Ryan Cohen says eBay directors should not dismiss his proposal without engaging on its substance


FILE PHOTO: GameStop logo is seen in this illustration taken September 9, 2025. REUTERS/Dado Ruvic/Illustration/File Photo

NEW YORK, May 13 (Reuters) - GameStop CEO Ryan Cohen told eBay's board on ⁠Wednesday that they should not reject his $56 billion takeover proposal and ‌the e-commerce company's shareholders deserve a chance to evaluate it.

Cohen wrote to the chairman of eBay informing him that he had requested a meeting with the company's board but that the board declined, according ​to the letter which was seen by Reuters.

Cohen ⁠sent his letter one day after ⁠eBay on Tuesday rejected his stock and cash offer, calling the offer "neither credible nor ⁠attractive."

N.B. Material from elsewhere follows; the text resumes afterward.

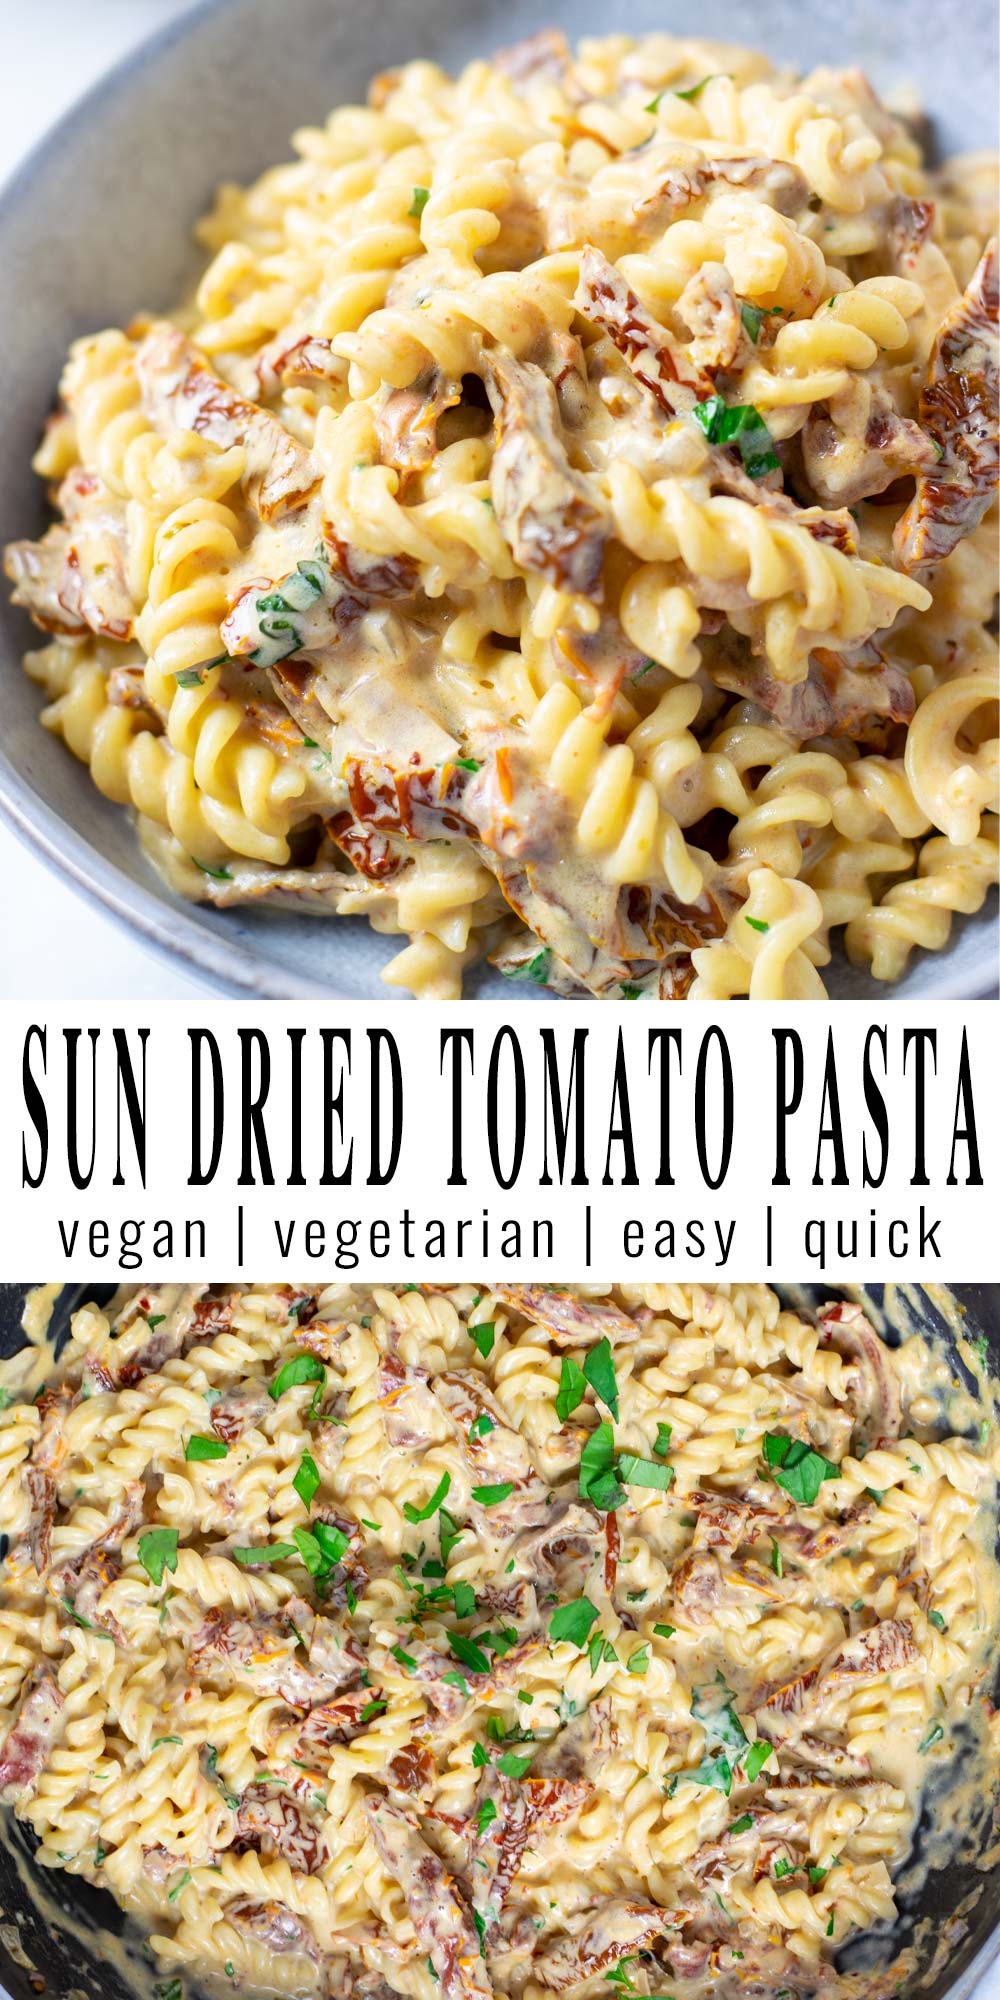 Collage of two pictures of the Sun Dried Tomato Pasta with recipe title text.

"They ‌should not dismiss a $125 per share proposal without engaging on its substance," Cohen's letter to eBay Chairman Paul Presser said. "The economics are clear and ⁠they are public. eBay's own shareholders deserve the opportunity ​to evaluate them," Cohen's ‌letter added.

Earlier this month Cohen surprised Wall Street with his unsolicited offer ⁠to buy a ​company significantly bigger than his own when he offered $125 a share in cash and stock for each eBay share. GameStop has a market valuation of roughly $10 billion while eBay's market ⁠value is roughly $50 billion.

The letter also compared Cohen's ​tenure as leader at GameStop with eBay chief Jamie Iannone's six years at the helm. "He has received ~$144 million in compensation. He has not purchased a single share of eBay ⁠common stock in the open market," Cohen's letter said.

Separately, Cohen was interviewed by journalist Piers Morgan and said: "I'm an owner-operator. I'm not one of these country club executives that get recruited through these professional agencies."

Referring to eBay, he said, "I love the ​asset," but added, "it's run by a bunch of losers."

To ⁠break what looks like a standoff between the two sides, Cohen signaled he is ​not giving up. "They have a job to do their ‌best for shareholders and engage on this ​and if they don't then we'll do whatever we need to do," he said.